• [WHAT IS REQUIRED]: Copy from the first line below down to and including the line with "B站发布2019年Q1财报:营收13.7亿元 月活跃用户首度破亿". Skip the pictures.
[Opening EXERCISE DATA section]
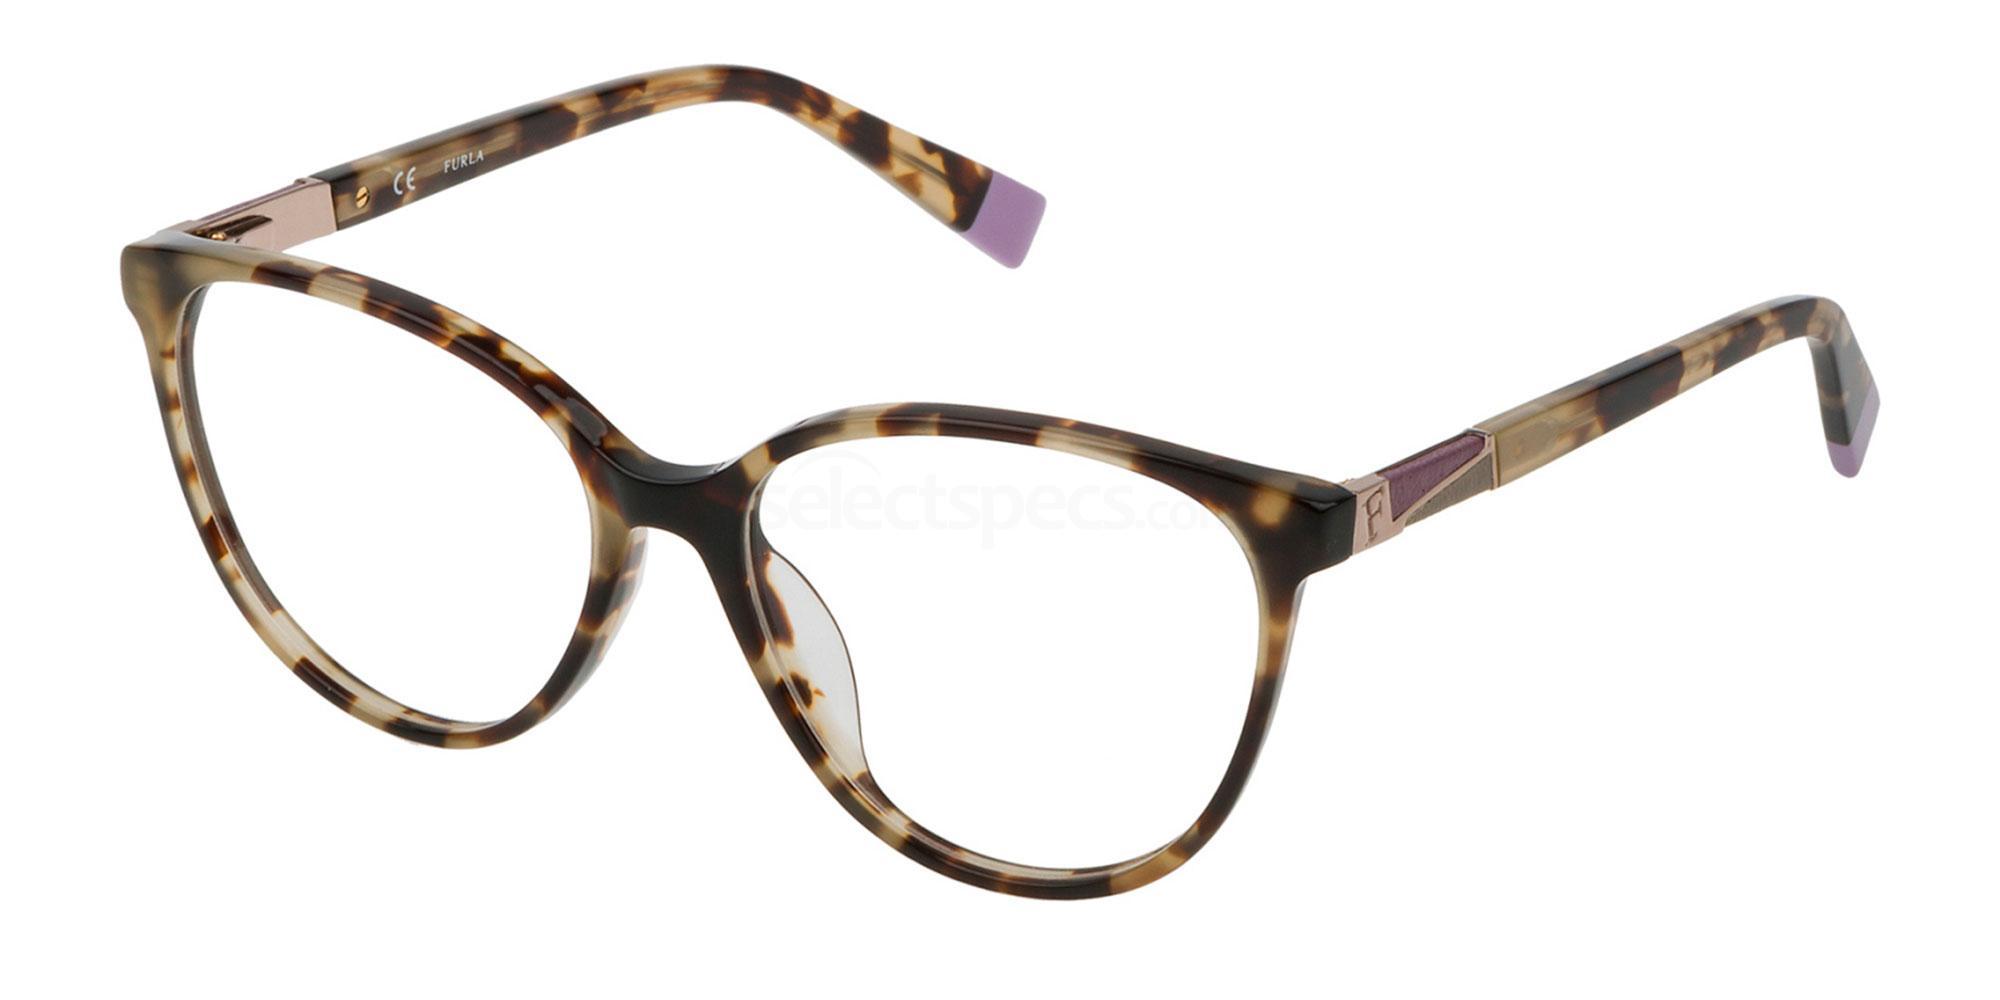 06ZE VFU189 Glasses, Furla
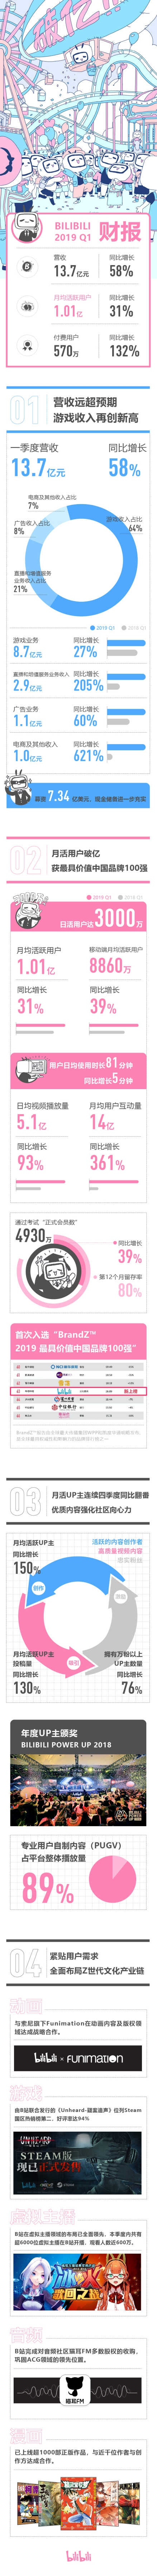 B站发布2019年Q1财报:营收13.7亿元 月活跃用户首度破亿
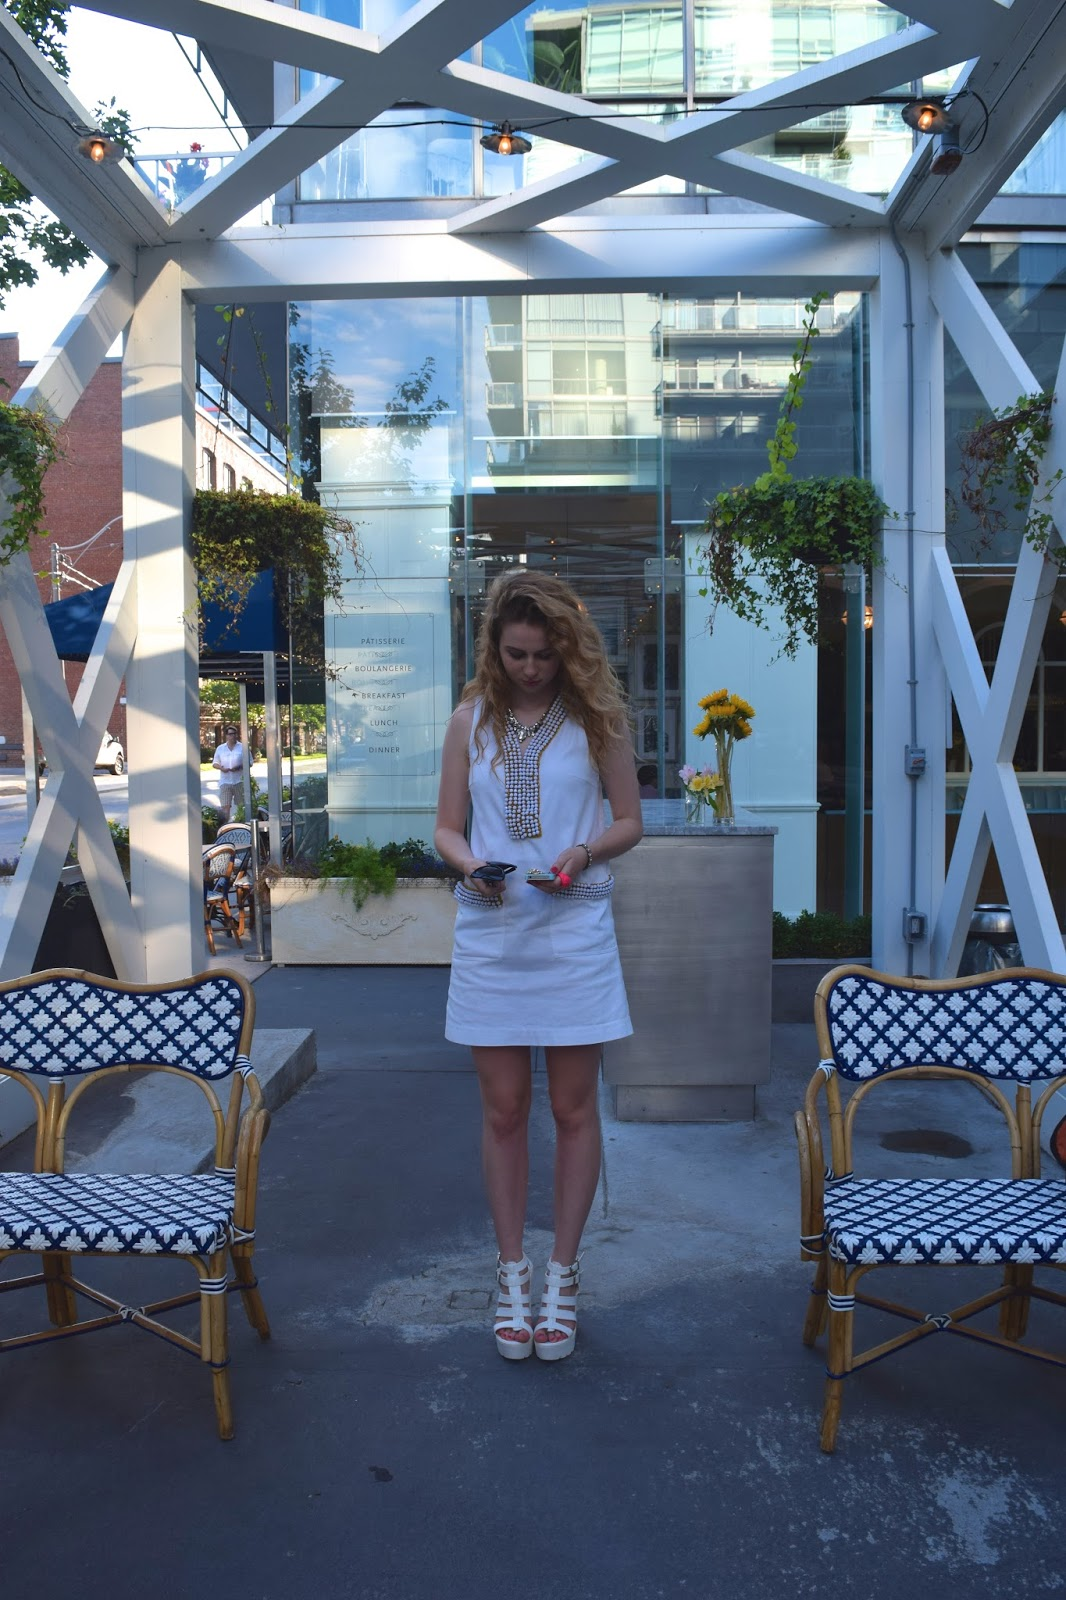 Paris Fashion, Manoush, Manoush Dress, Fashion & Beauty Inc, FABINCBLOG, Annie Robinson, Annie Robinson Street Style, Annie Robinson Blog, Toronto Blogger, Toronto Street Style, Russian Blogger, Russian Street Style, Russian Fashion, Collette Toronto, Thompson Toronto
[Closing EXERCISE DATA section]
• [EXERCISE OUTPUT]:
 06ZE VFU189 Glasses, Furla
 B站发布2019年Q1财报:营收13.7亿元 月活跃用户首度破亿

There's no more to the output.